Intermittent Fasting: New information and its effects on adding muscle mass and losing body fat by Jerry Brainum

October 1, 2016
By: Jerry Brainum
Filed Under: Intermittent fasting, Muscle hypertrophy, Nutrient timing

 

 

 

 

Although I covered the health effects of intermittent fasting (IF) in the October 2015 issue of Applied Metabolics, new information has been recently published about IF that is highly relevant to those who seek both body fat loss and added muscular mass. In my previous article, I pointed out how studies show that IF can replicate most of the health effects produced by a calorie-restricted diet. The typical calorie-restricted diet used for purposes of extending longevity and various health parameters, such as lowered blood lipids (fats), lower blood pressure, and lower resting insulin levels, usually involves restricting customary total caloric intake by an average of 30 percent.
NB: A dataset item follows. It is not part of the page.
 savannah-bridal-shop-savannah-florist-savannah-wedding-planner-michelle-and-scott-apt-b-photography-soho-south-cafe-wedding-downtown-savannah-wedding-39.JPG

Studies in various species ranging from worms to mammals show that reducing total caloric intake to this level appears to reduce or even block many of the degenerative health changes that commonly occur with aging. Indeed, lowering calories to this extent may even preserve muscle tissue, although due to the extent of decreased protein intake on such diets some muscle is inevitably initially lost. A more recent analysis of calorie-restriction regimes suggests that even if followed for extended times will only produce an average 10-year boost in lifespan. But reducing behaviors are known to be toxic, such as smoking and drinking excess alcohol, as well as regularly engaging in both resistance training and aerobic exercise can also boost lifespan by about the same amount, minus the rigorous food restriction. Indeed, the aspect of calorie-restricted diets that seems to improve health and longevity is that it leads to the loss of considerable body fat, an effect that can also be achieved by exercise and more realistic eating regimes. Studies show that most people cannot tolerate consuming a diet that features 30% less than customary caloric intake. These studies show that the least caloric reduction level tolerable to most people was to reduce total caloric intake by 15 percent.
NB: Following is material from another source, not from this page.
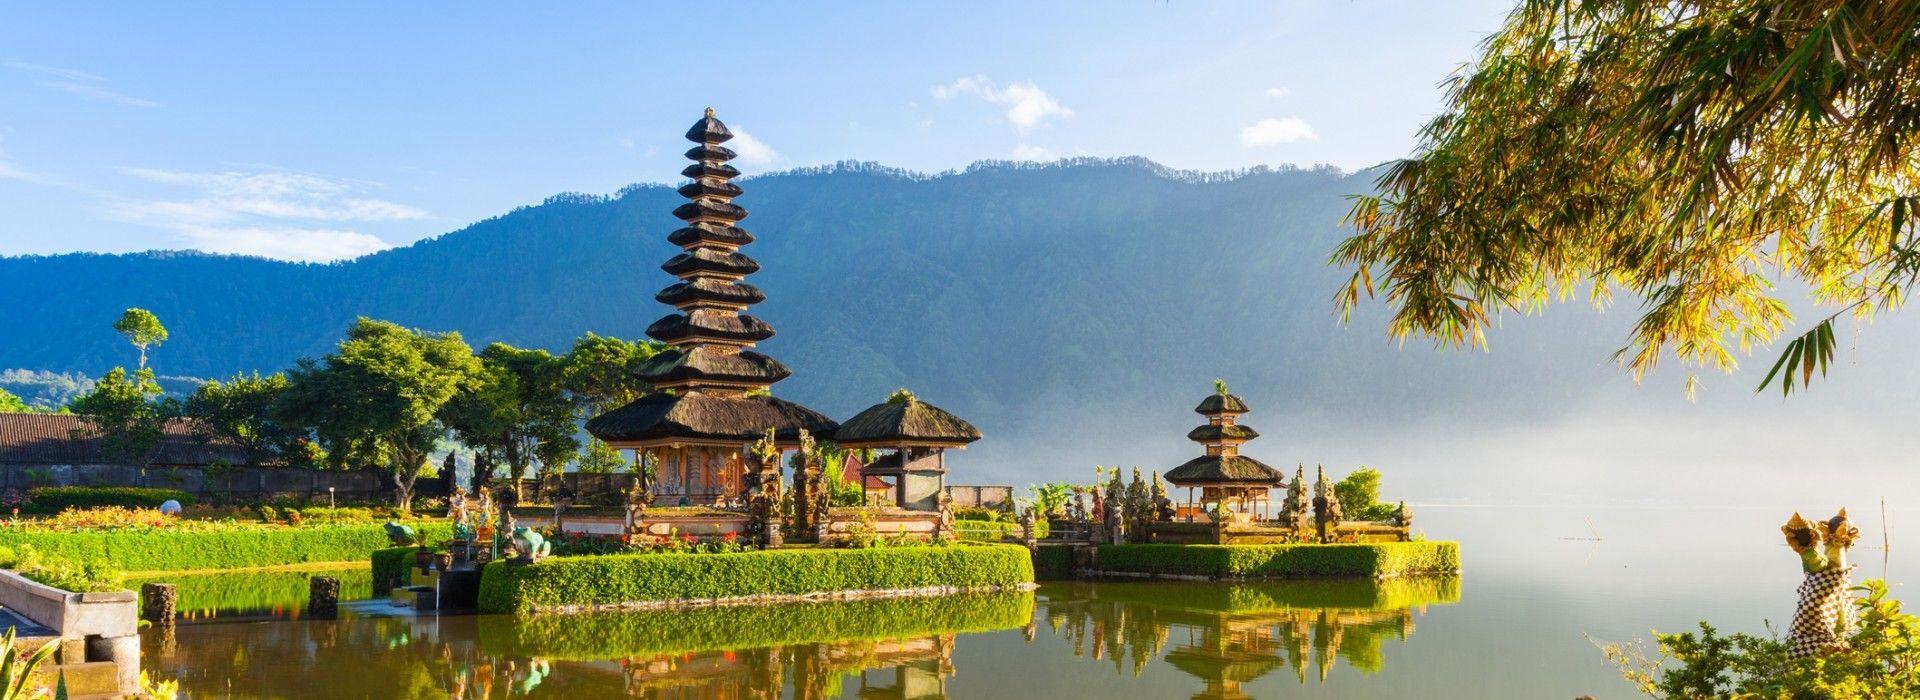 Trekking Tours in Bali

But there is another option that may allow you to reap the considerable benefits of calorie restriction in a far more tolerable manner. This involves intermittent fasting techniques. I use the plural "techniques," because the term intermittent fasting (IF) is a general term since there are several varieties available. Three main versions of IM exist: 1) Alternate-day fasting, which as the term implies features eating normally one day, following by fasting the next day. The fasting days usually involve not a complete lack of food intake, but rather eating only one meal that contains about 25% of daily caloric needs or intake. 2) Whole Day fasting involves fasting one or two days a week, eating normally the rest of the week. 3) Time-restricted feeding (TRF) features eating the same way every day, but you only consume food within a specified time frame, and fast the rest of the time. This would mean something like 16-20 hours of fasting, followed . . .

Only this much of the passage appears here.